6. Bibliothek pooling und initiieren Sequenzierung im Benchtop-Sequenzer

  1. Tauen Sie Reagenzkassette nach Richtlinien des Herstellers. Nehmen Sie eine neue Messzelle aus der Packung von 4 ° C Lagerung und bringen auf Raumtemperatur mindestens 30 min vor der Sequenzierung. Puffer-Patrone und prechill Sequenzierung Puffer vor dem Gebrauch herausnehmen (siehe Tabelle der Materialien).
  2. Bereiten Sie eine Steuerelementbibliothek durch Mischen 5 µL der Bibliothek (1 nM) und 5 µL 0,2 N NaOH. Vortex kurz und inkubieren Sie für 5 min bei Raumtemperatur auf der Steuerelementbibliothek in Einzelstränge zu denaturieren.
  3. Fügen Sie 5 µL 200 mM Tris-HCl, pH 7 und Wirbel. 235 µL prechilled Sequenzierung Puffer hinzufügen und vorsichtig mischen. Das Gesamtvolumen beträgt 250 µL mit Kontrolle Bibliothek Endkonzentration um 20 Uhr.
  4. Pool DNA-Bibliotheken durch die Übertragung von 5 µL jedes Sample-Library von der endgültigen normalisierte Bibliothek-Platte in ein einzelnes Low-Bind 1,5 mL Röhrchen sequenziert werden.
  5. Fügen Sie 30 µL der gepoolten Bibliothek und 30 µL 0,2 N NaOH zu Bibliotheken in einem anderen niedrigen Bind Gefäß zu denaturieren.
  6. Wirbel der niedrig-Bind tube und inkubieren Sie für 5 min bei Raumtemperatur zu Bibliotheken in Einzelstränge zu denaturieren.
  7. Fügen Sie 30 µL 200 mM Tris-HCl, pH 7 und Rohr mit denaturierten Bibliotheken Reaktion zu neutralisieren.
  8. Fügen Sie 65 µL neutralisierte denaturierten Bibliotheken Suspension und 835 µL vorgekühlt Sequenzierung Puffer und Vortex gut mischen.
  9. In einem letzten niedrigen Bind-Rohr verbinden Folgendes: 195 µL aus neutralisierten denaturierten Bibliotheken, 1,30 µL Steuerelementbibliothek und 1103.70 µL Sequenzierung Puffer. Mischen Sie richtig.
  10. Laden Sie den endgültigen Bibliothek Mix (1300 µL) in der dafür vorgesehenen Stelle auf Reagenzkassette.
  11. Aufbau der Sequenzierung durch Eingabe von Projekt-und Probe im Sequenzer gestartet bezeichneten Website nach Richtlinien.
  12. Initiieren Sequenzierung nach Richtlinien. Durchflusszelle, Reagenzkassette mit Bibliotheken und Puffer Patrone in Benchtop-Sequenzer zu laden.
  13. Notieren Sie Batch-Nummern aller Reagenz-Kits und Patronen, die in der Sequenzierung verwendet.
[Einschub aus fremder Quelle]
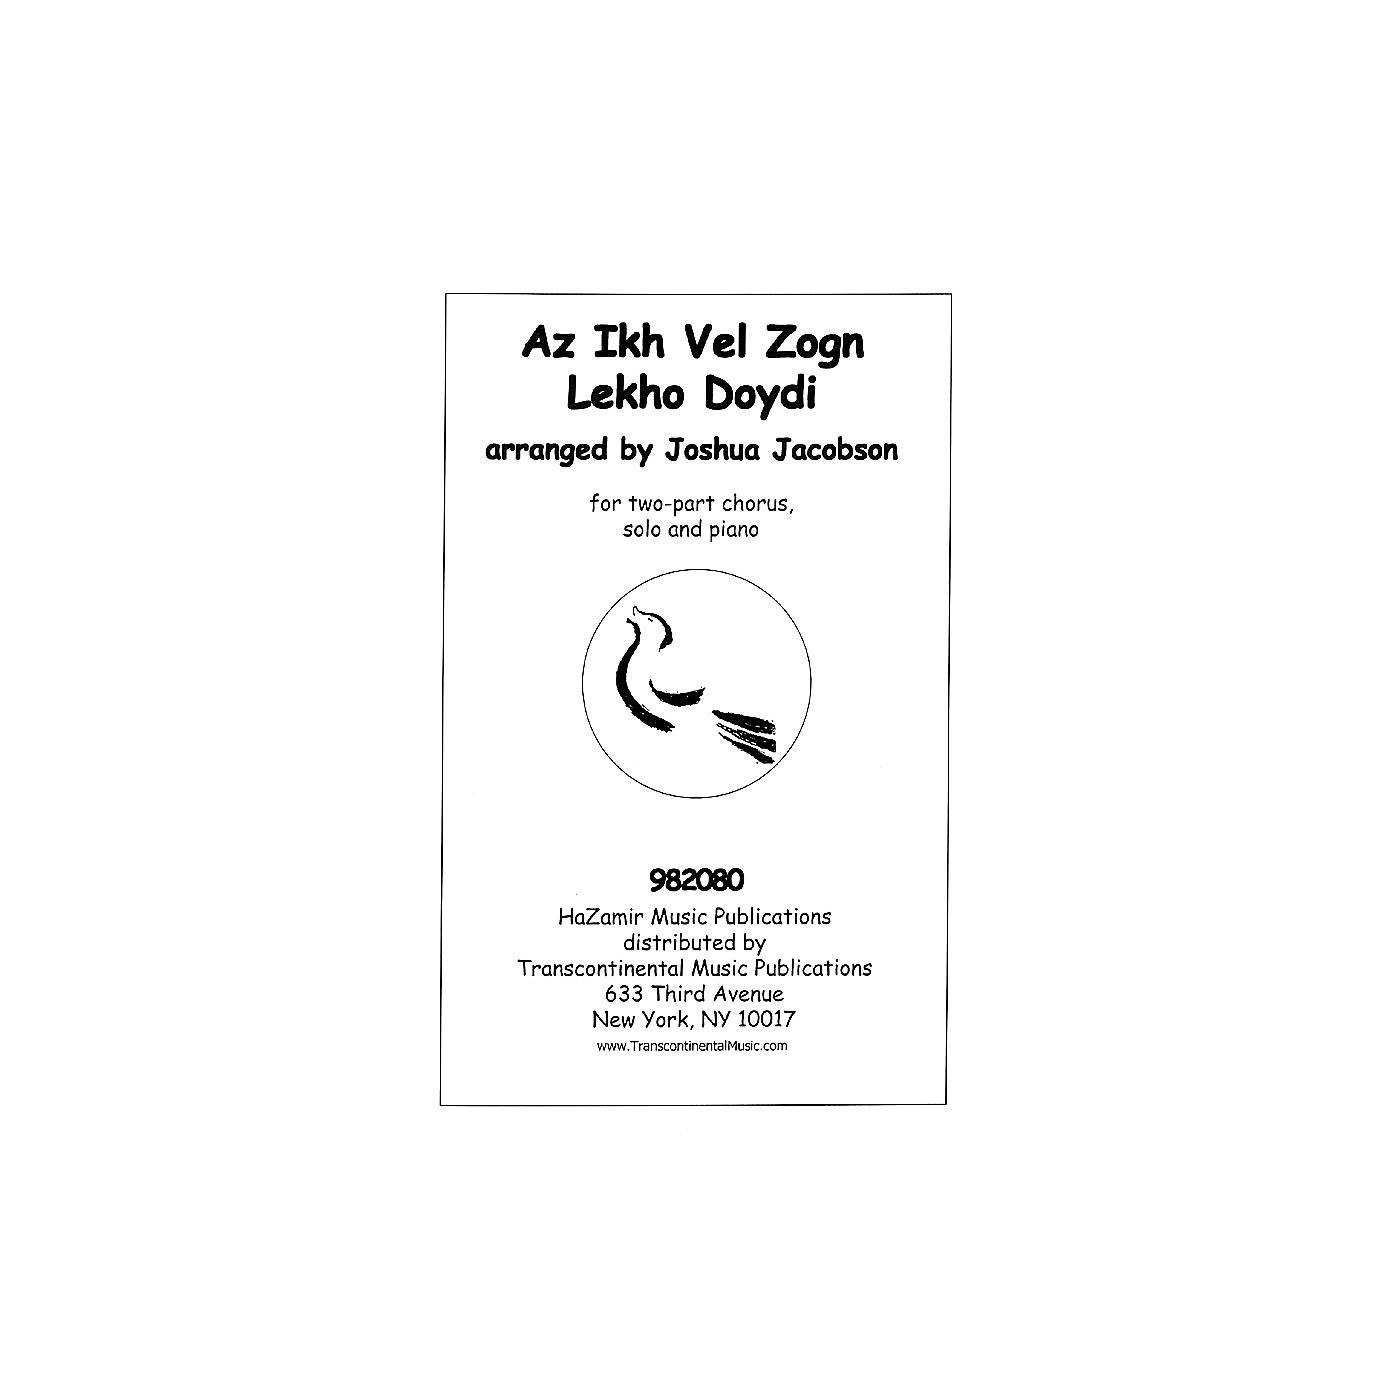 Transcontinental Music Az Ikh Vel Zogn Lekho Doydi SA arranged by Joshua Jacobson thumbnail

7. Daten herunterladen von Sequenzierung Website

  1. Dateien Sie FASTQ nach Anweisungen des Herstellers auf der Website zur Verfügung gestellt.
  2. Für eine gute Qualität führen Sie, dass der Anteil Q30 ≥ 75 % und Cluster-Dichte liegt zwischen 170-280 K/mm2 mit optimalen bei 200-210 K/mm2 (Tabelle 4).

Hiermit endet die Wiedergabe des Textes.